++++ Data for this task

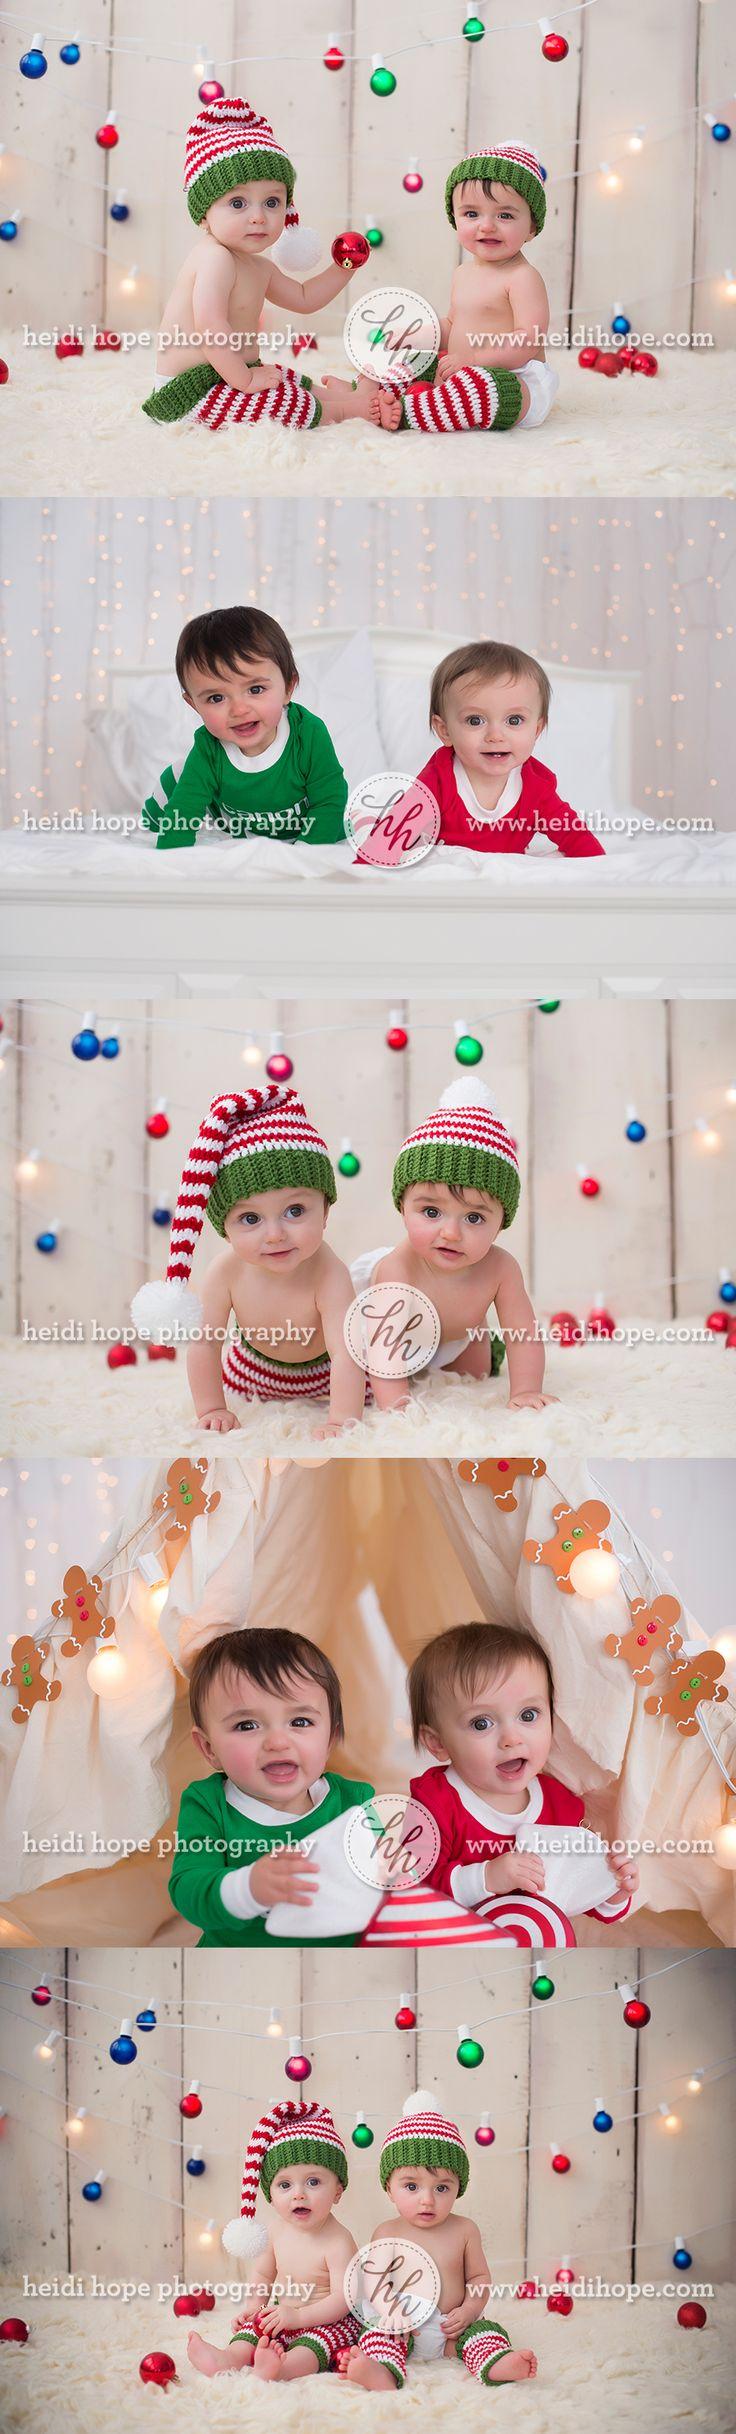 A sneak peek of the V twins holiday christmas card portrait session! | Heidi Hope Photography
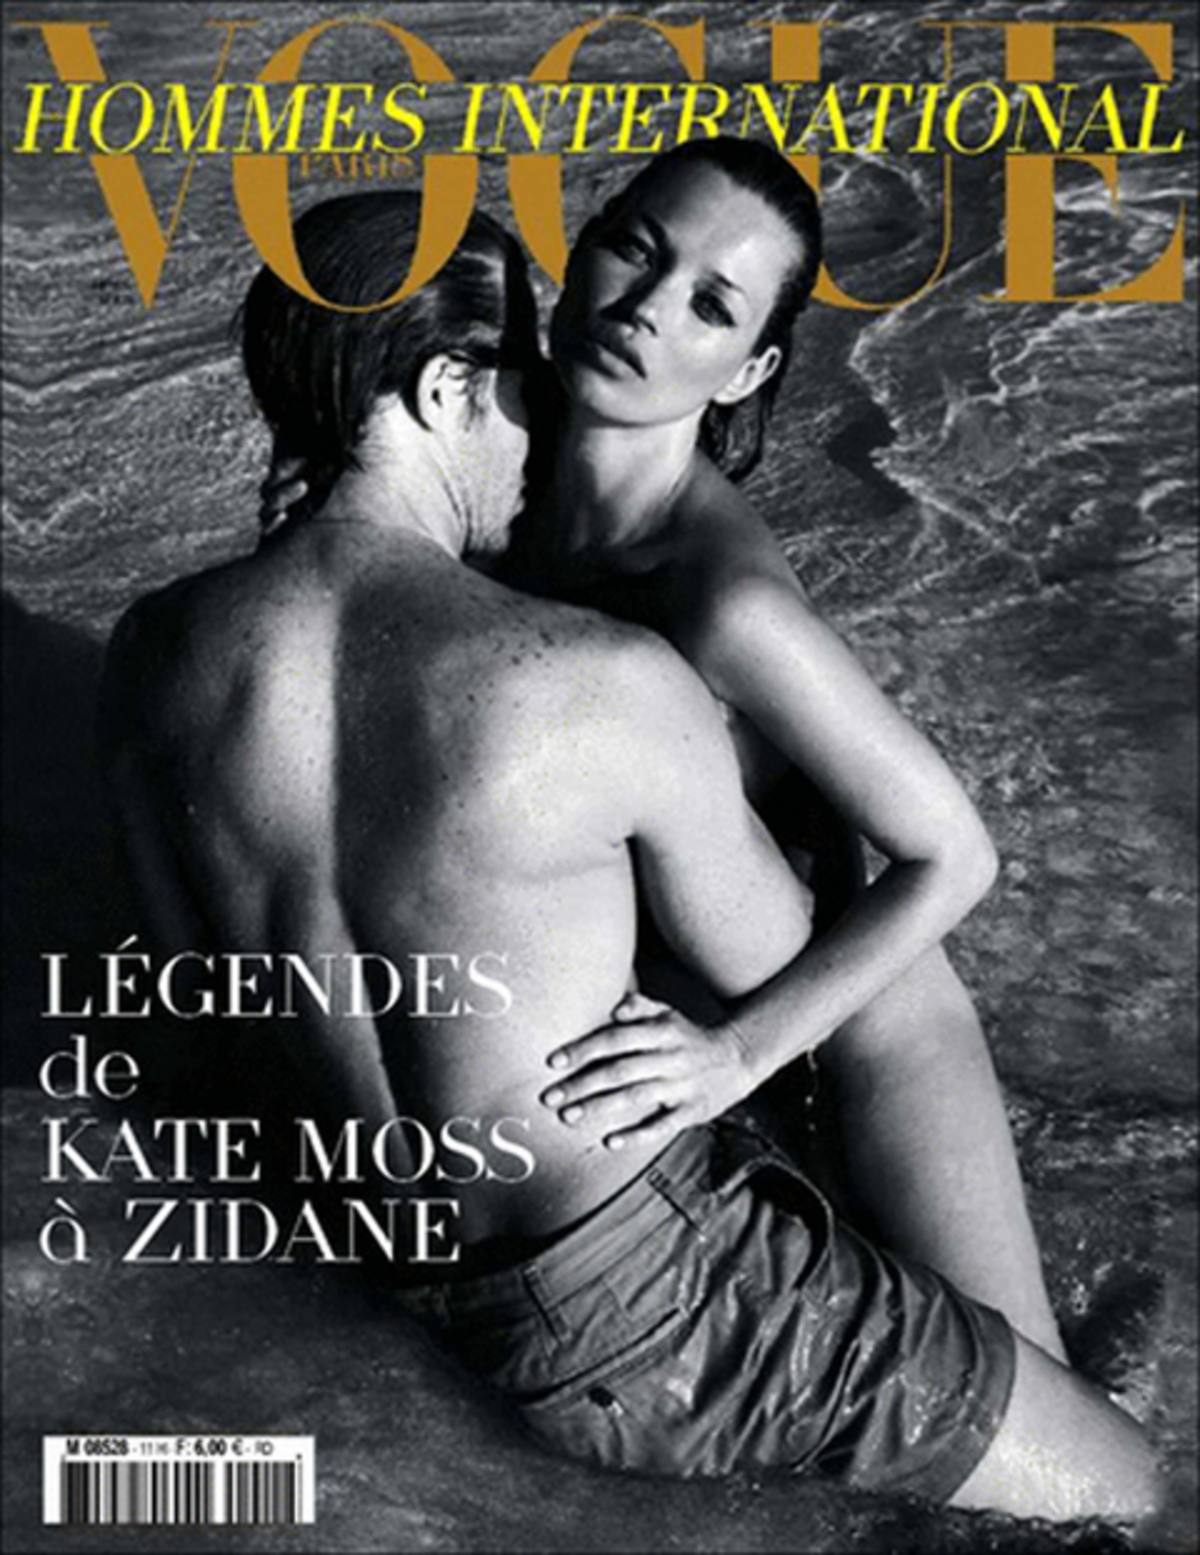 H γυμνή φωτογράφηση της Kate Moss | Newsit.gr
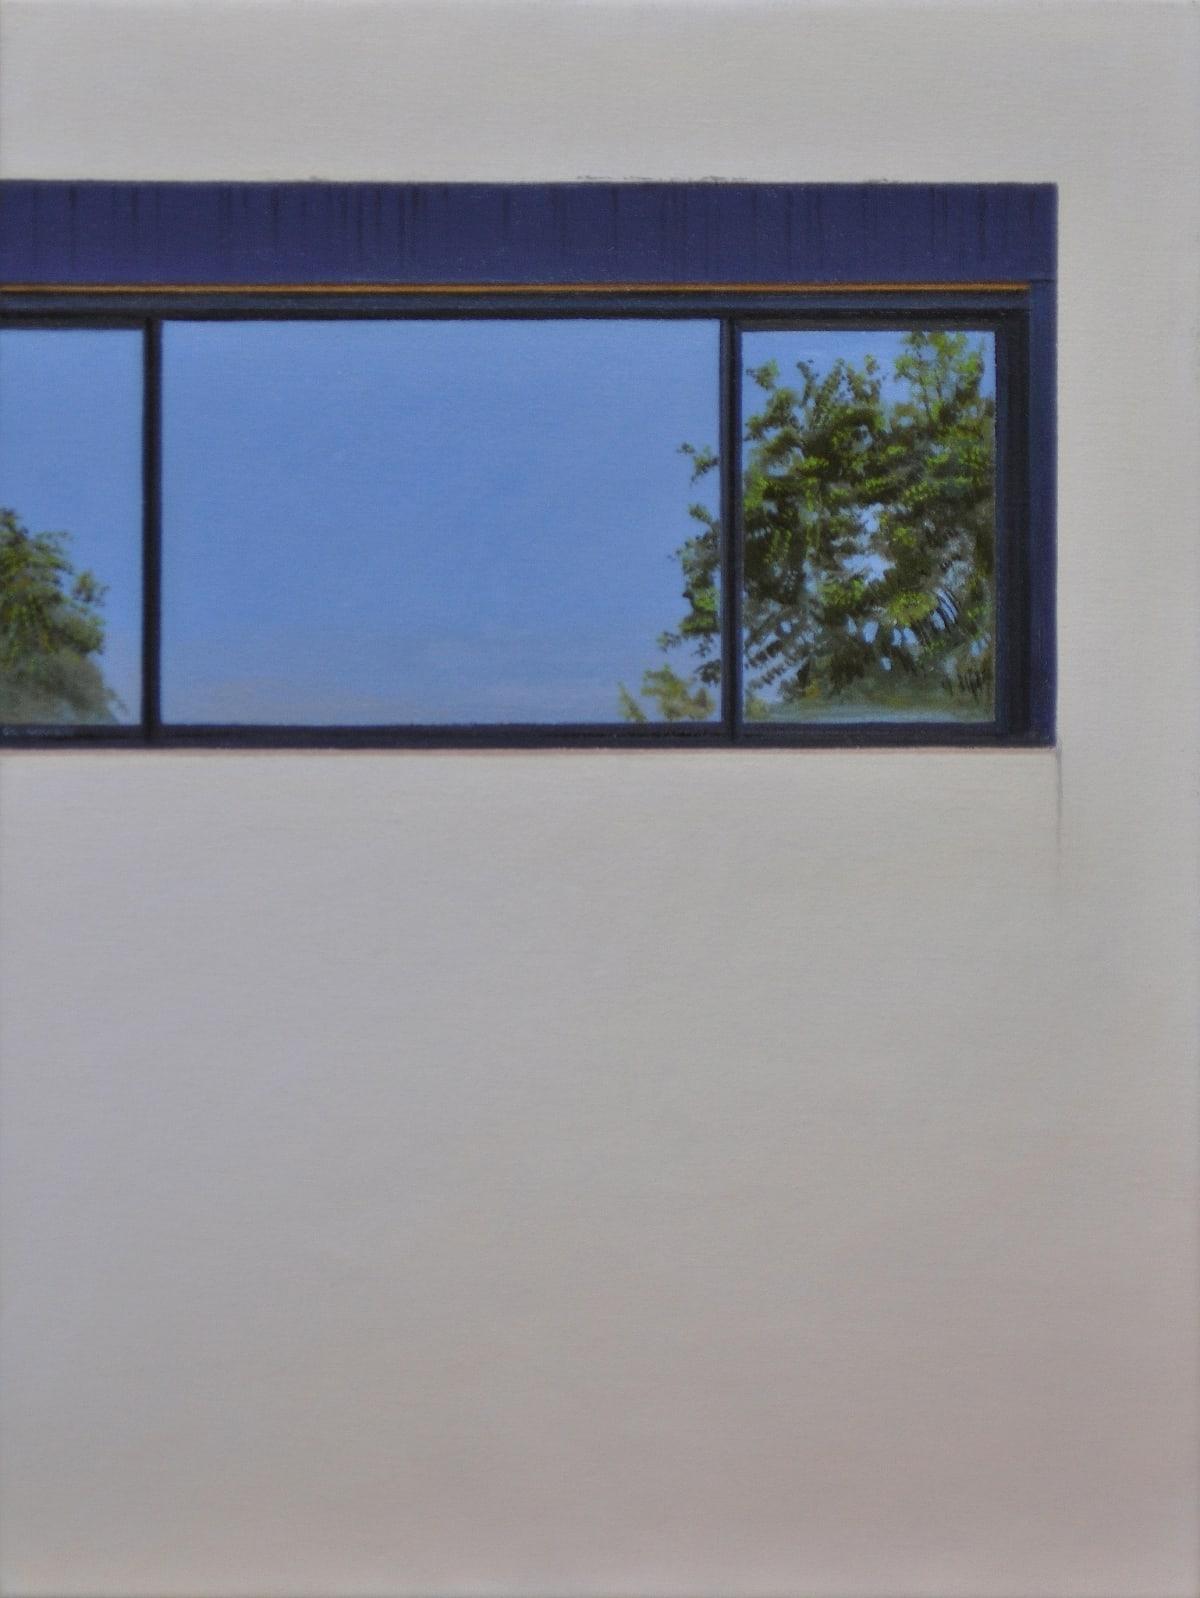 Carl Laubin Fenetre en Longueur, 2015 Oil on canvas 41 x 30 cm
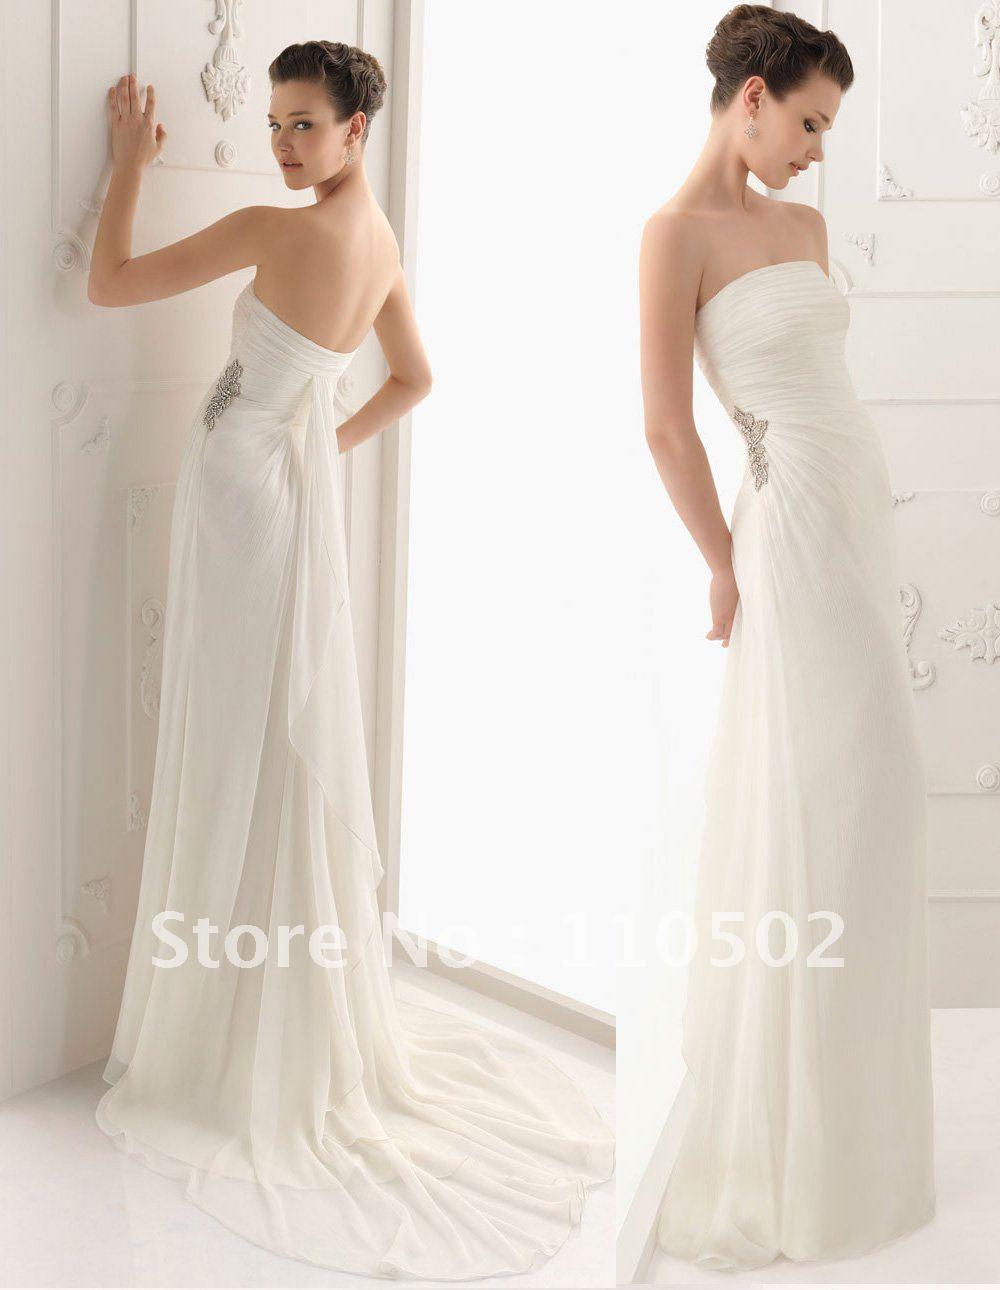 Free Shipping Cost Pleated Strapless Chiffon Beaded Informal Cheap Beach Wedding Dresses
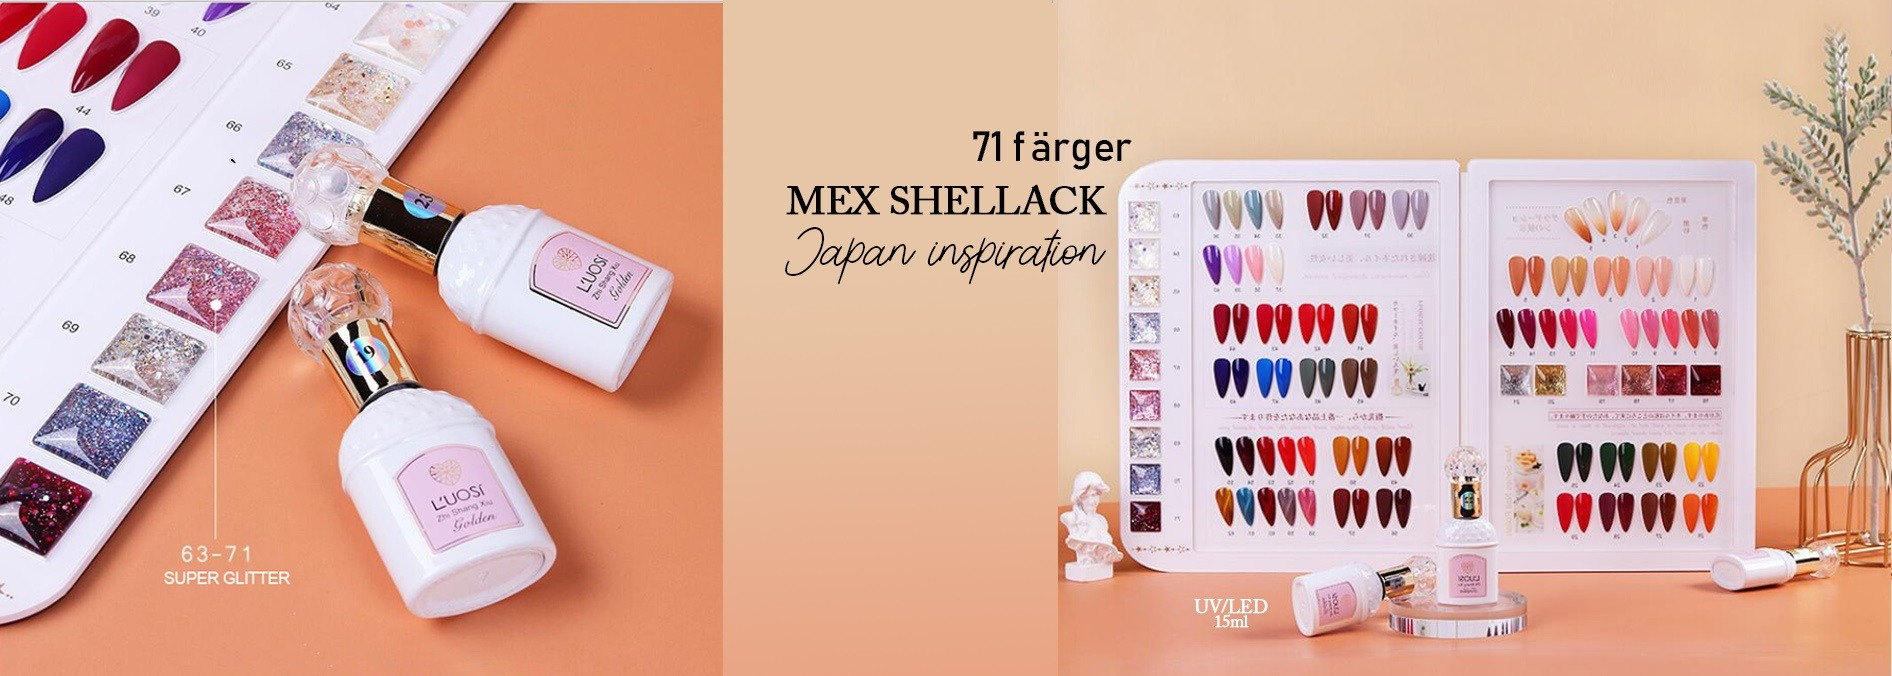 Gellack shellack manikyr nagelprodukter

++++++++

_Problem requirements_.
Leave out the pictures, and retype exactly the lines from the one containing "H γυμνή φωτογράφηση" through the last line of the data above, no more and no less.

_Answer box_.
 H γυμνή φωτογράφηση της Kate Moss | Newsit.gr
 Carl Laubin Fenetre en Longueur, 2015 Oil on canvas 41 x 30 cm
 Free Shipping Cost Pleated Strapless Chiffon Beaded Informal Cheap Beach Wedding Dresses
 Gellack shellack manikyr nagelprodukter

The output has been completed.